● DATA FOR REVIEW:
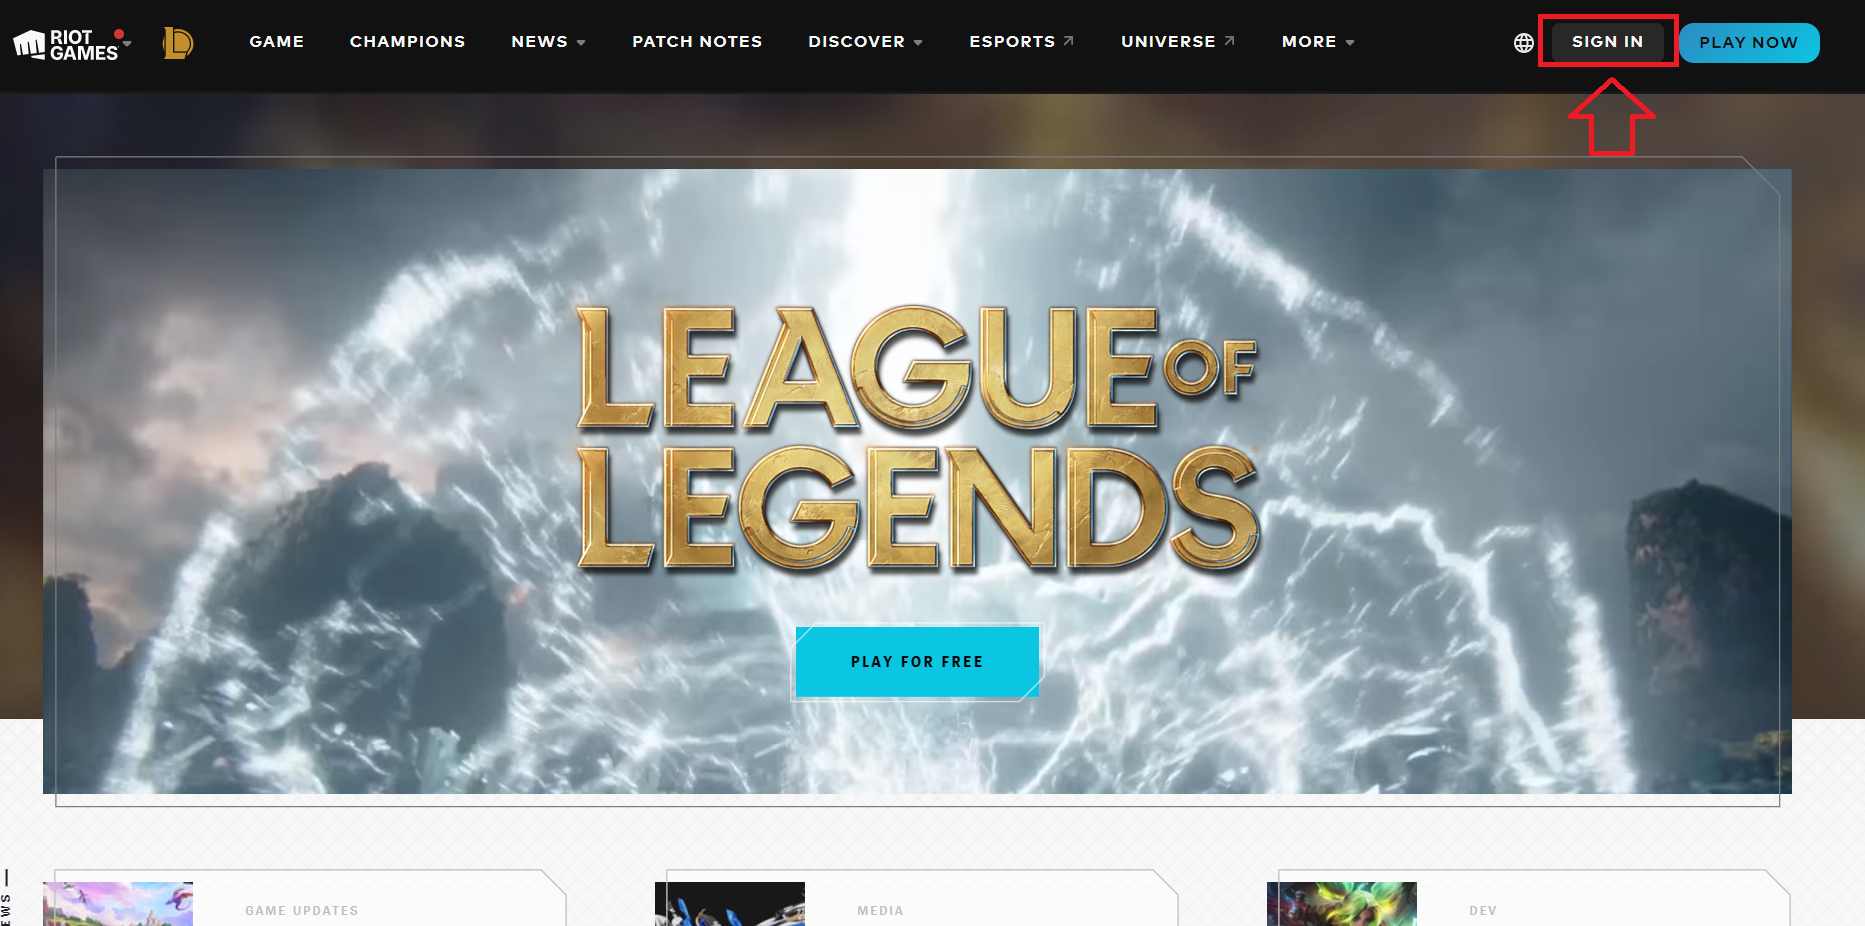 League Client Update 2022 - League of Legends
---
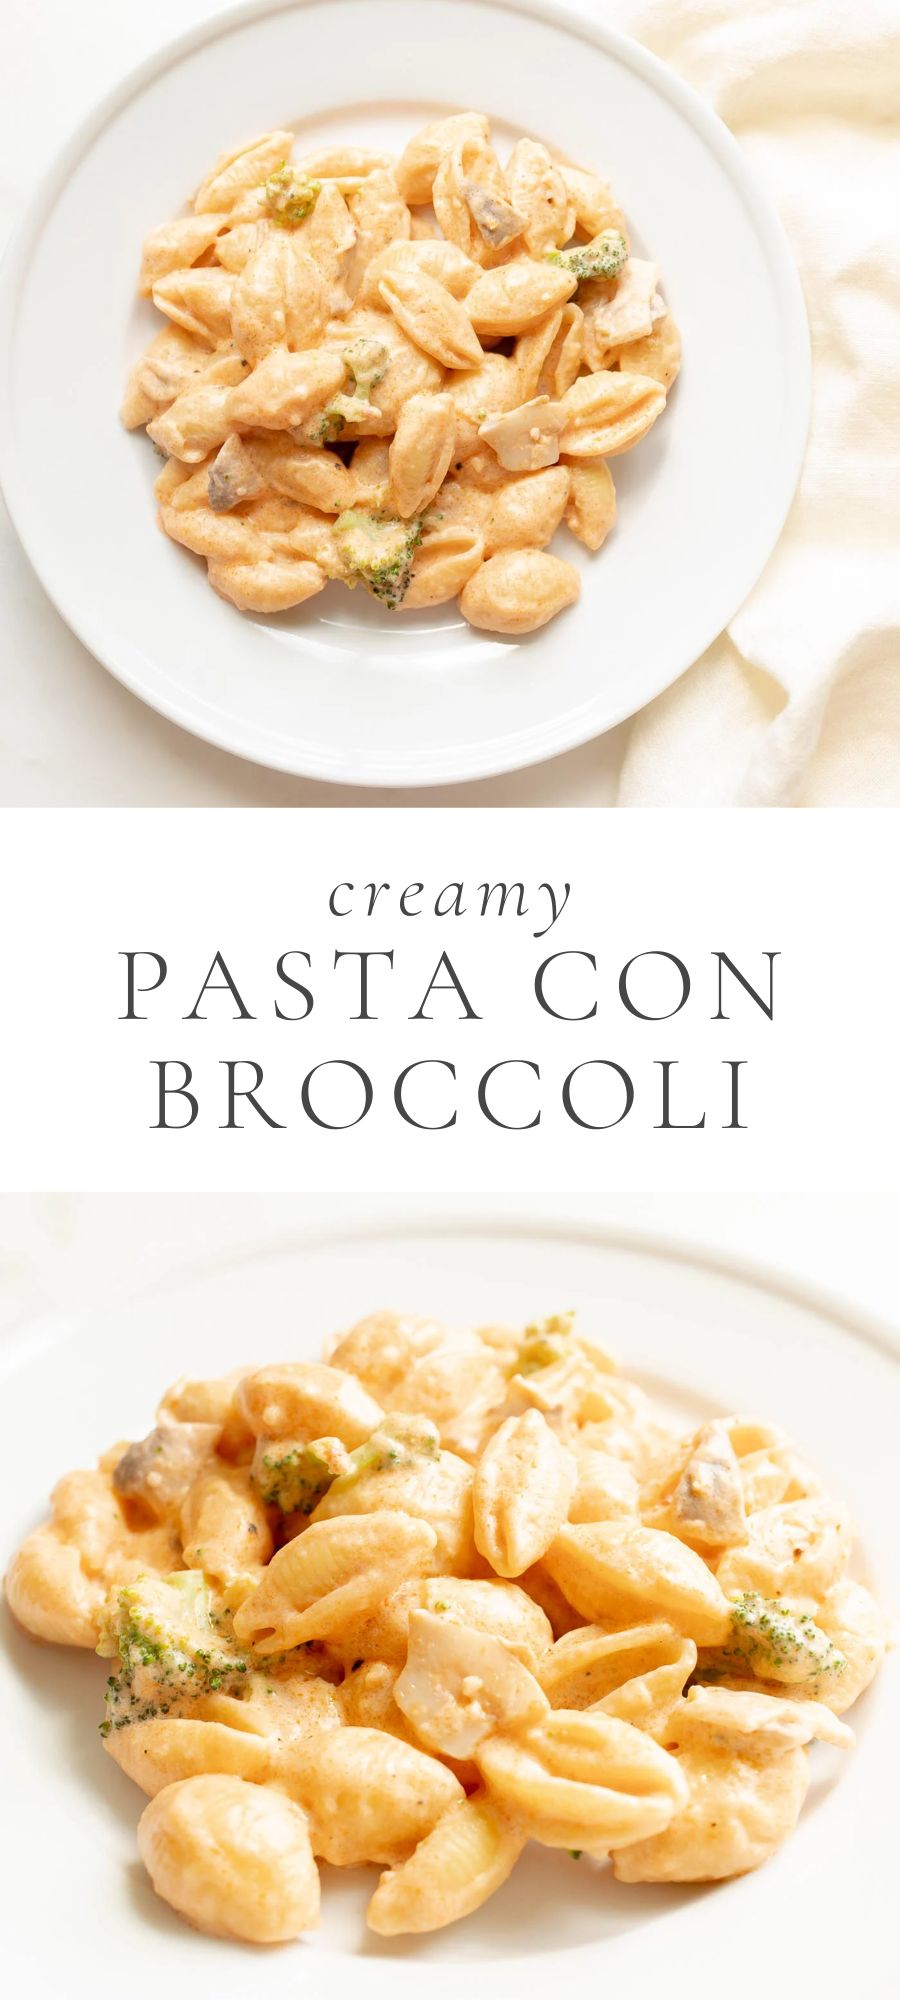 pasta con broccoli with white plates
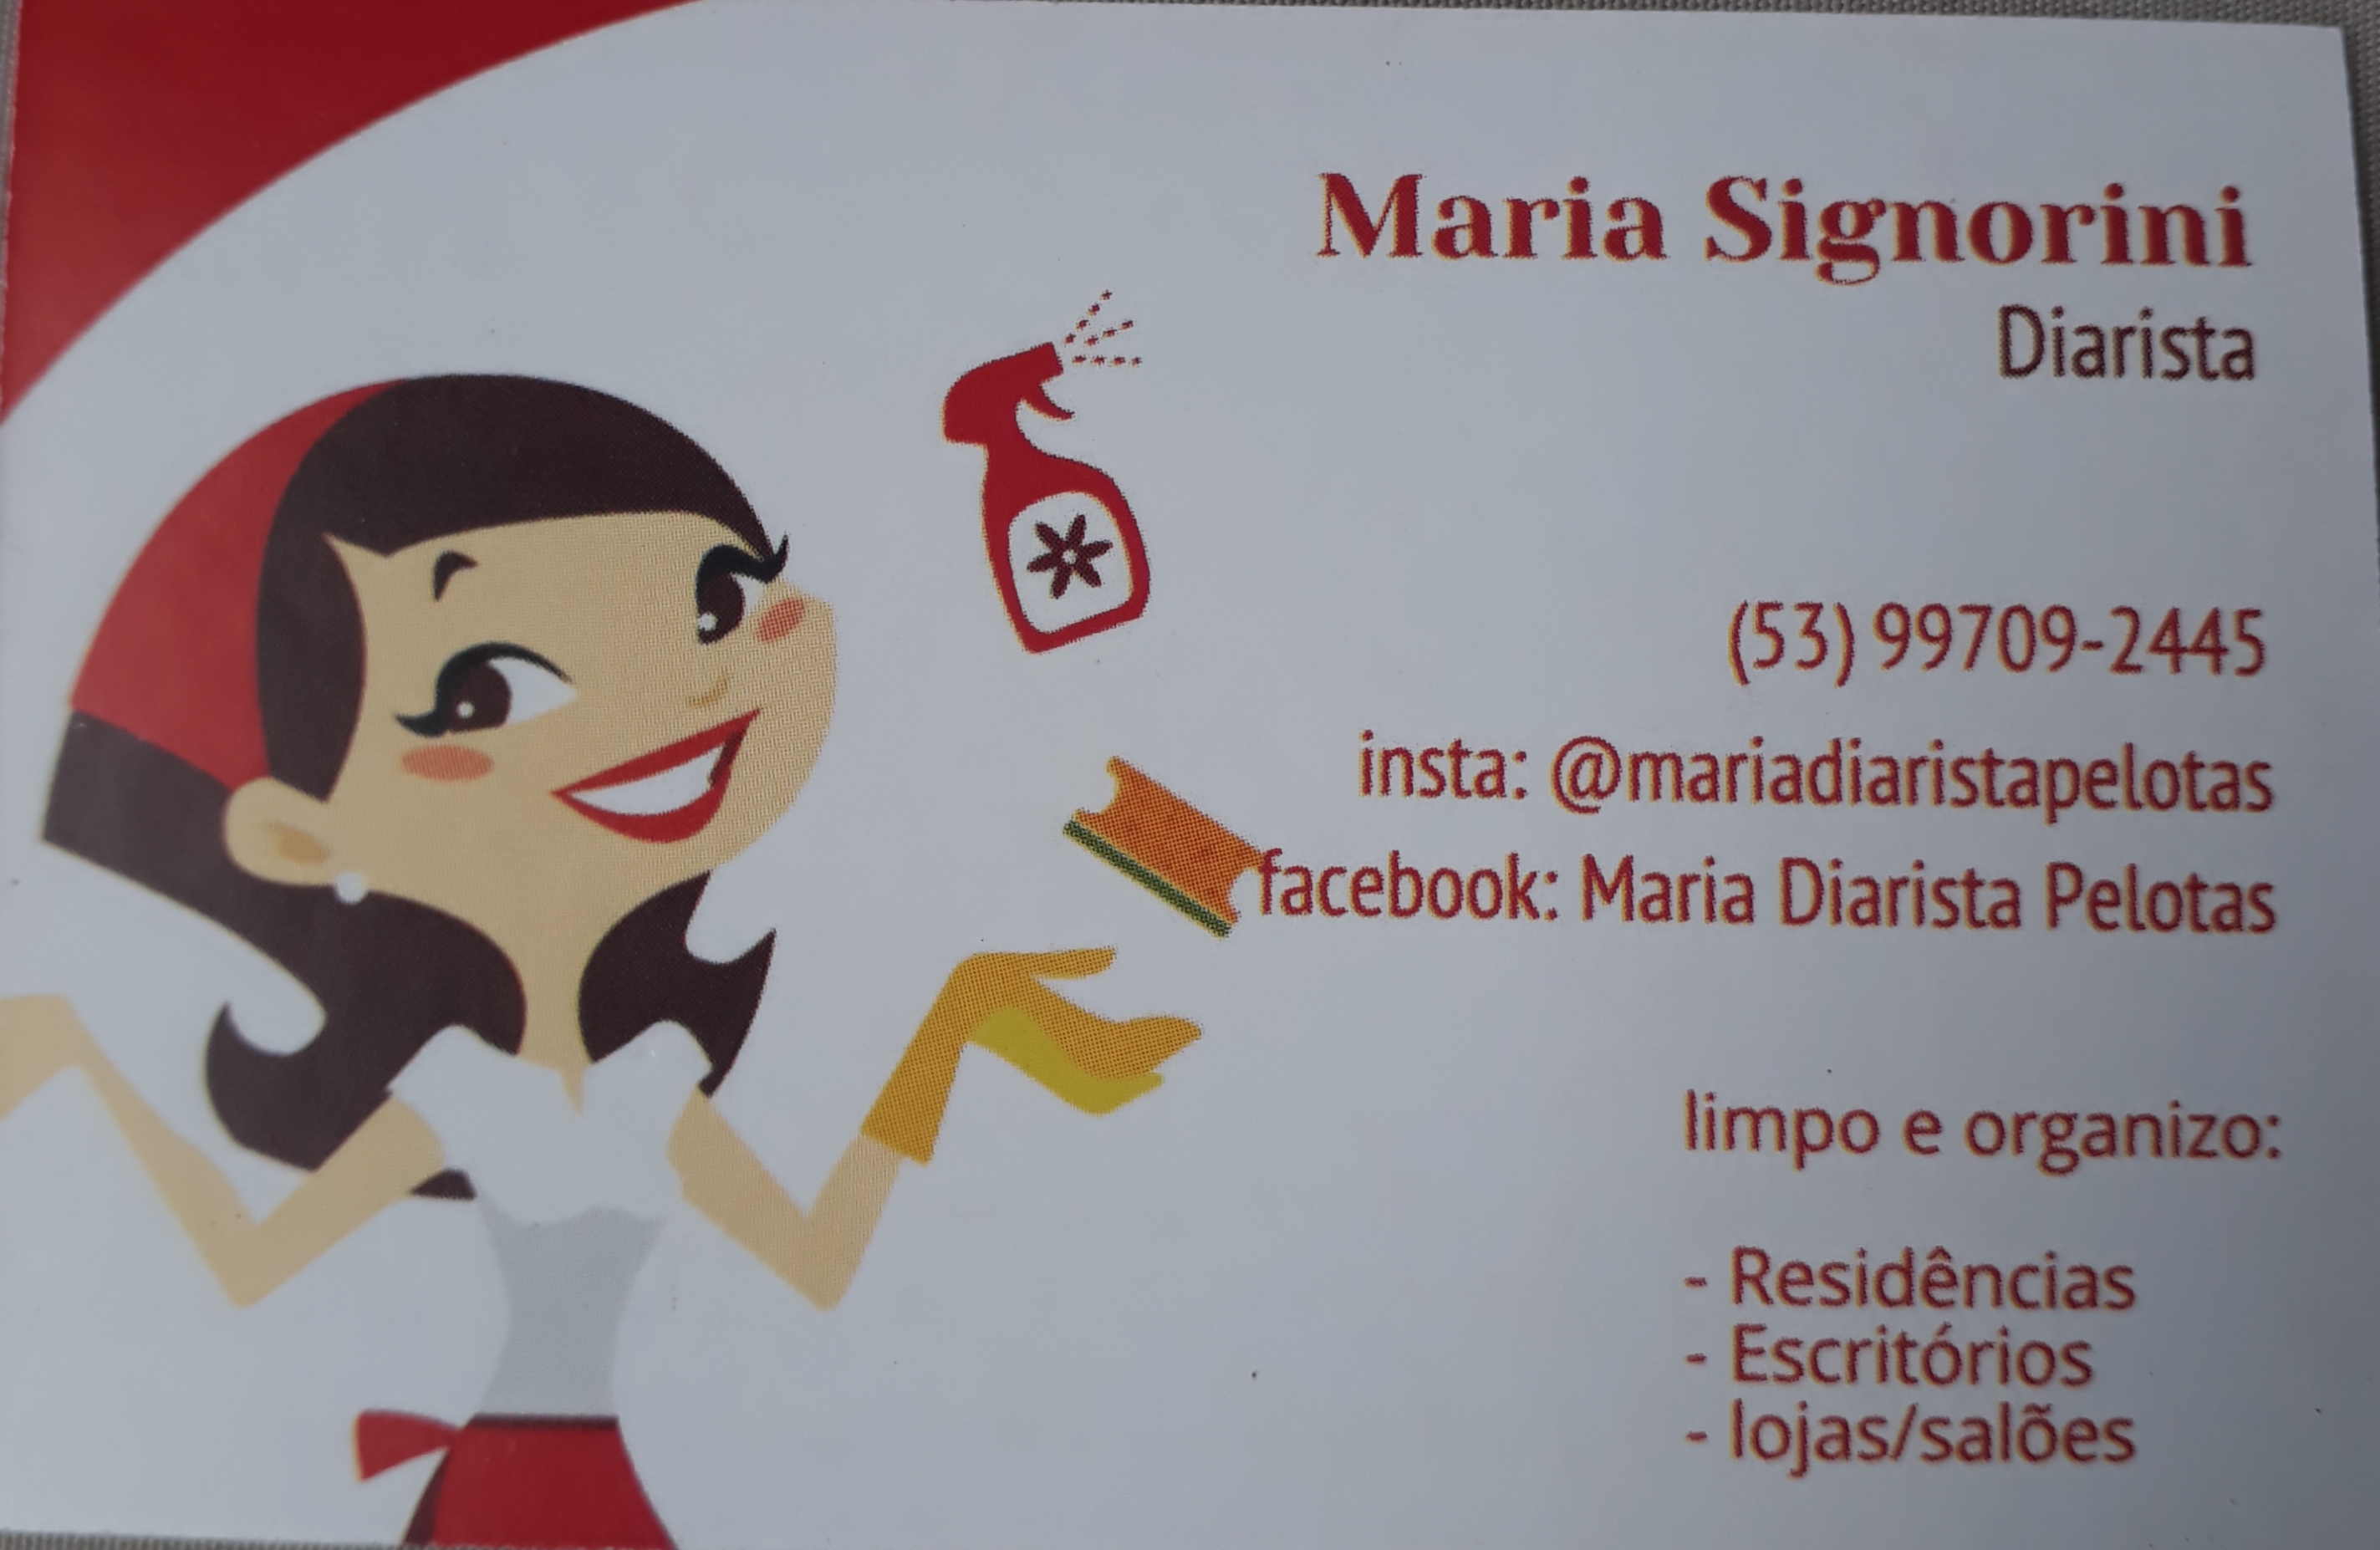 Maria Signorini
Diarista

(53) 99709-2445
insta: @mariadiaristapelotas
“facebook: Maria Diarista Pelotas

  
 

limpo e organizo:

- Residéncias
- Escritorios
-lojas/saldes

● ASSIGNMENT: Copy needed, without pictures: the lines of the listing above from the line containing "pasta con broccoli with white plates" up to and including the line containing "-lojas/saldes", set down exactly.

● FINAL ANSWER:
 pasta con broccoli with white plates
 Maria Signorini
Diarista

(53) 99709-2445
insta: @mariadiaristapelotas
“facebook: Maria Diarista Pelotas

  
 

limpo e organizo:

- Residéncias
- Escritorios
-lojas/saldes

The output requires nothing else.